▶ **ACTIVITY**
Write out, with no changes, every line starting at the one that contains "Westside BT Soft" and ending at the last line of the data below. Leave pictures out.
Start of PROVIDED DATA
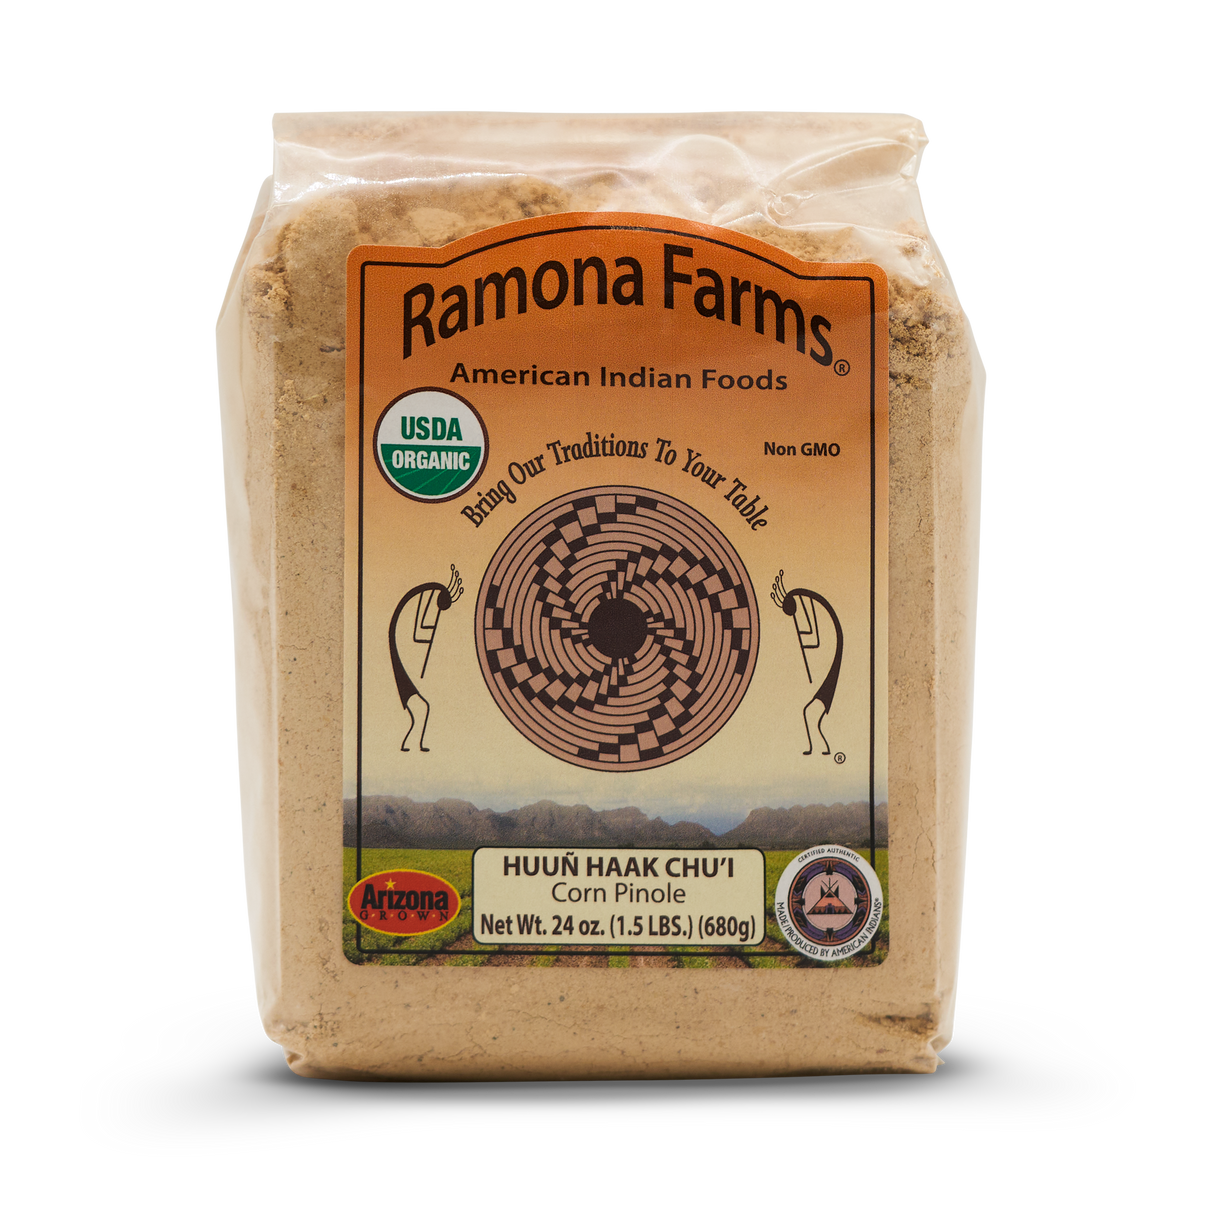 Ramona Farms Corn Pinole (Huun Haak Chu'i)
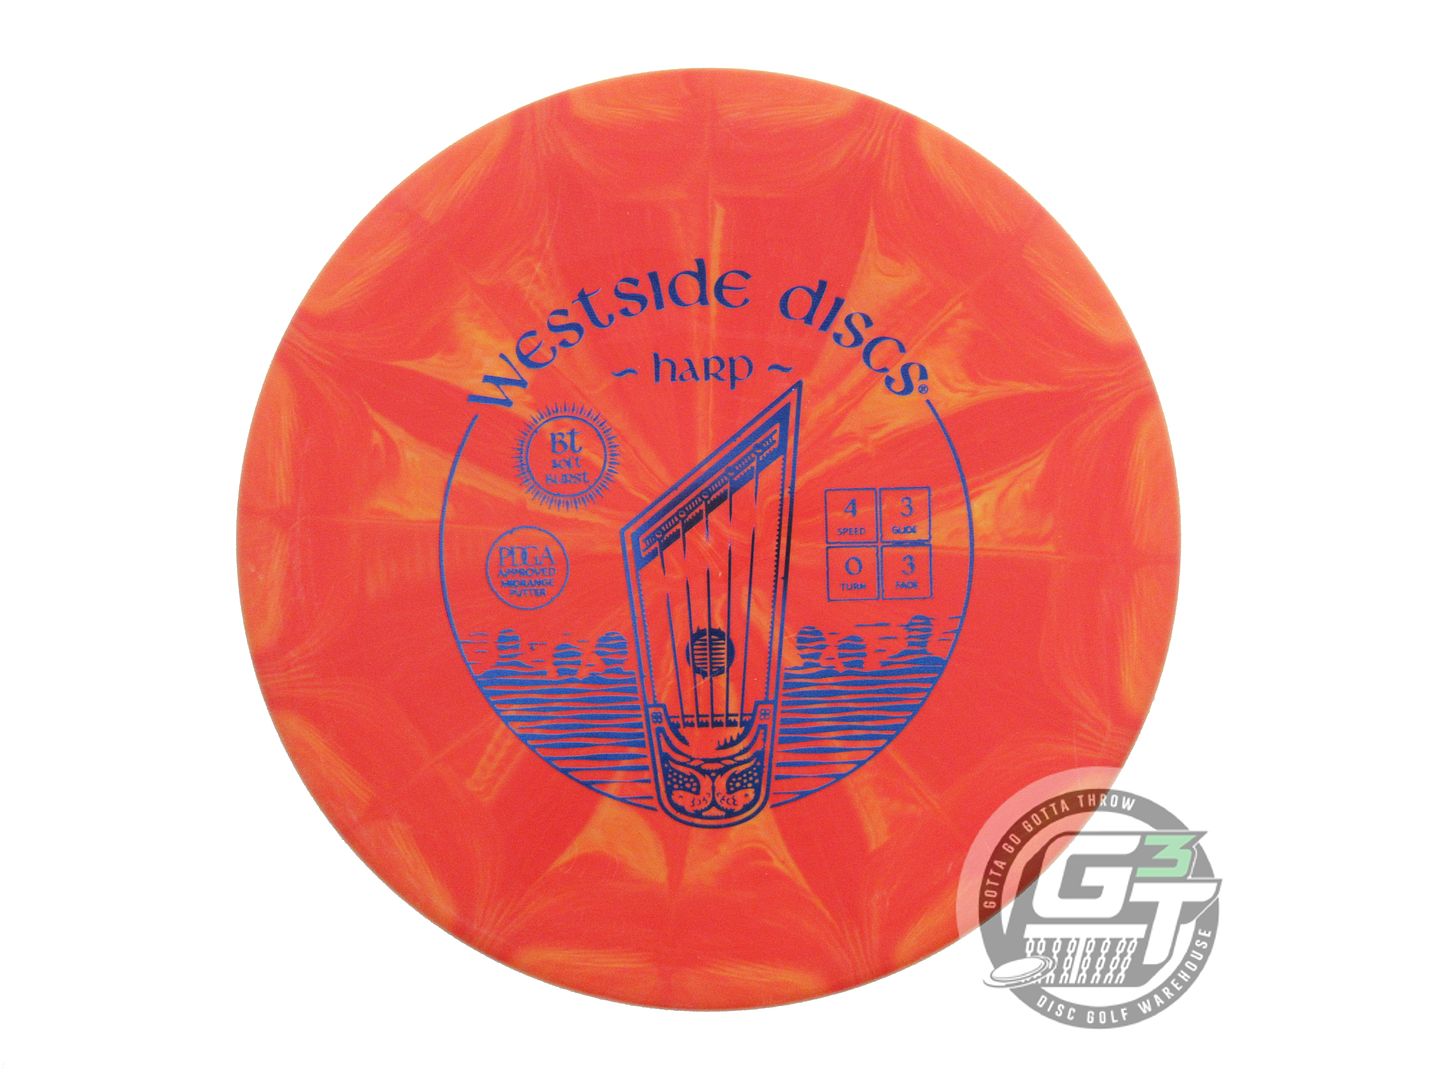 Westside BT Soft Burst Harp Putter Golf Disc (Individually Listed)
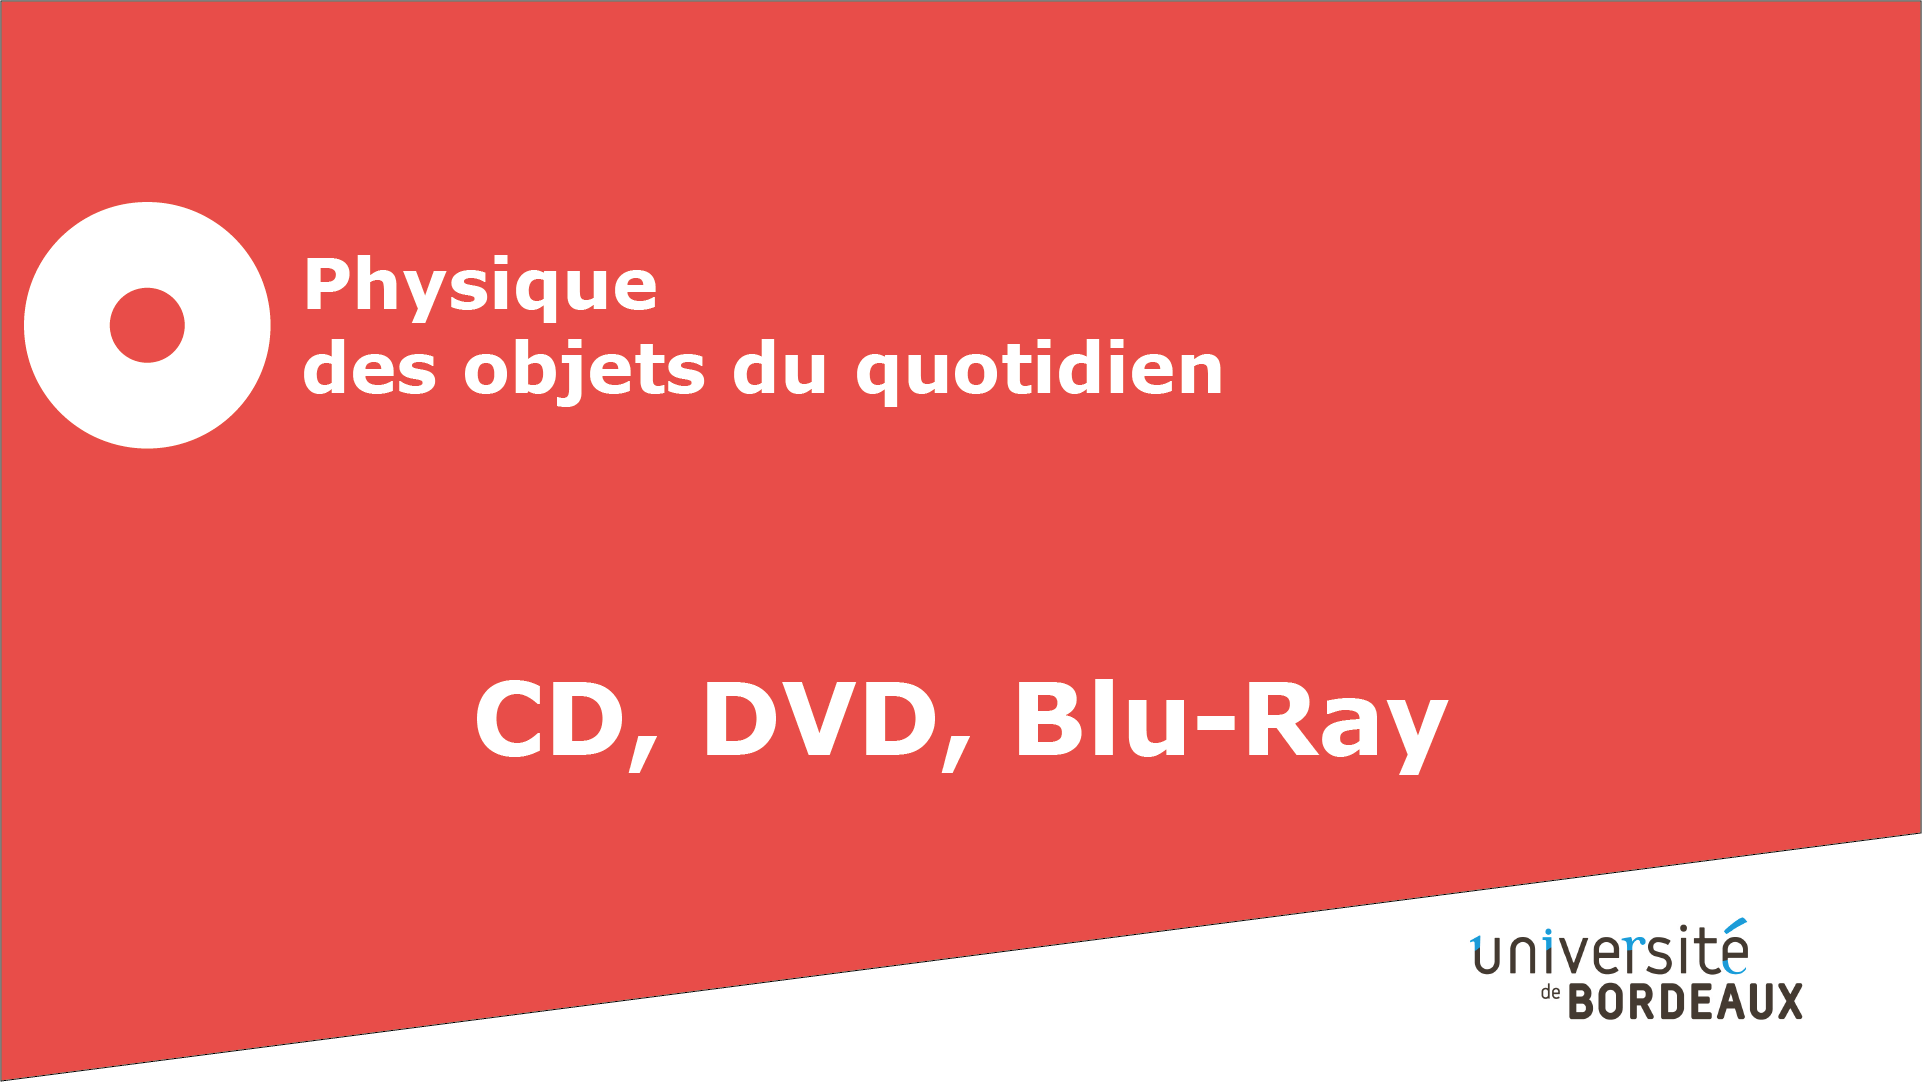 10 - CD, DVD, Blu-ray / Les supports optiques : des réseaux de diffraction
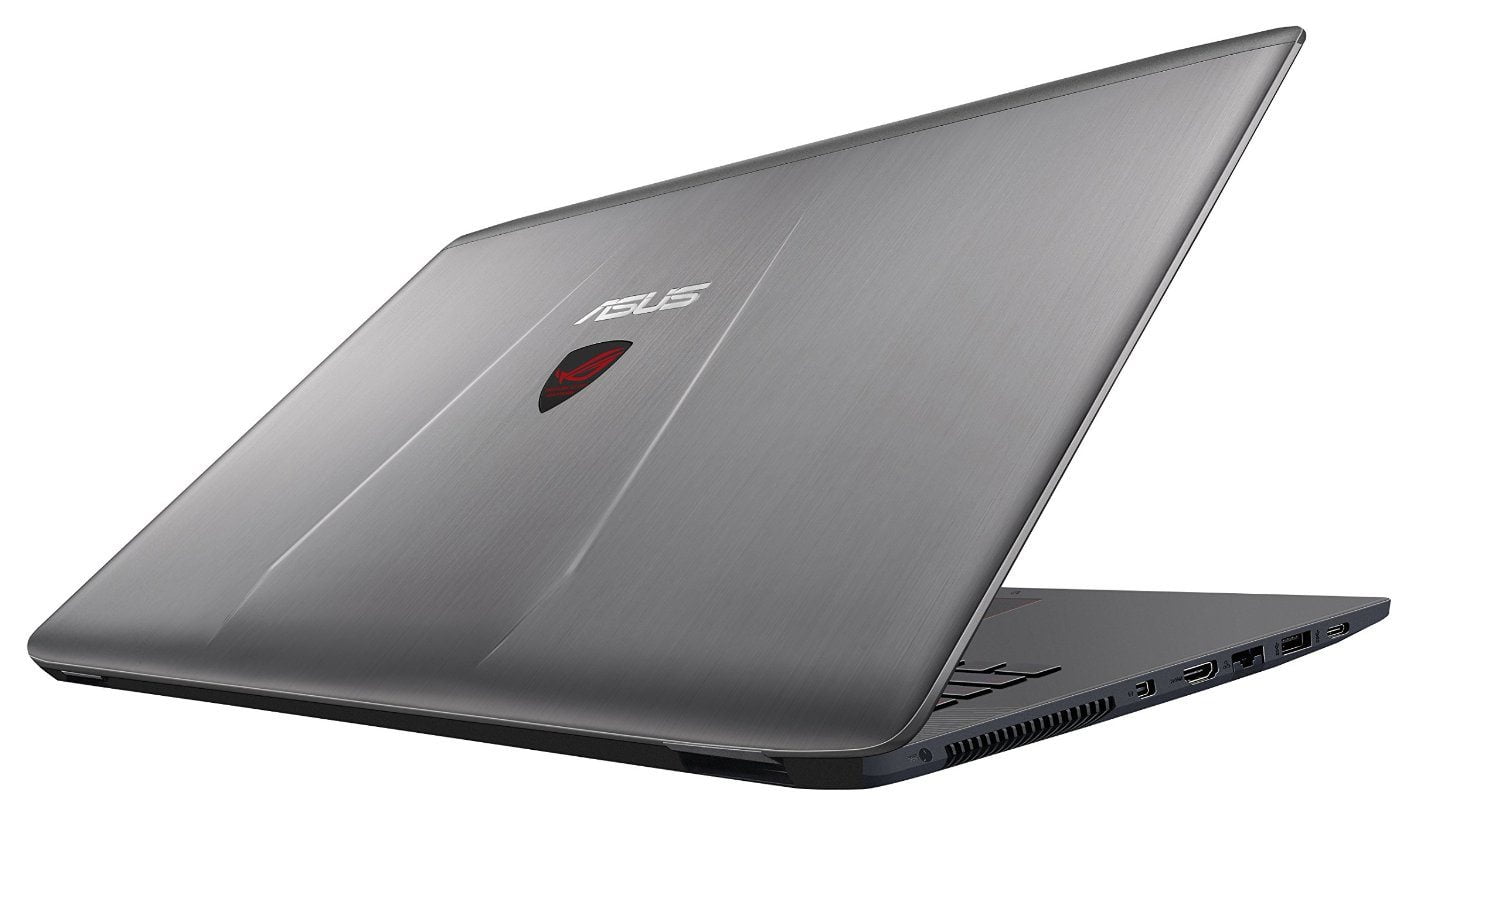 ASUS ROG GL752VW Gaming Laptop - best gaming laptop under 1500
End of PROVIDED DATA
▶ **WRITTEN SOLUTION**
 Westside BT Soft Burst Harp Putter Golf Disc (Individually Listed)
 10 - CD, DVD, Blu-ray / Les supports optiques : des réseaux de diffraction
 ASUS ROG GL752VW Gaming Laptop - best gaming laptop under 1500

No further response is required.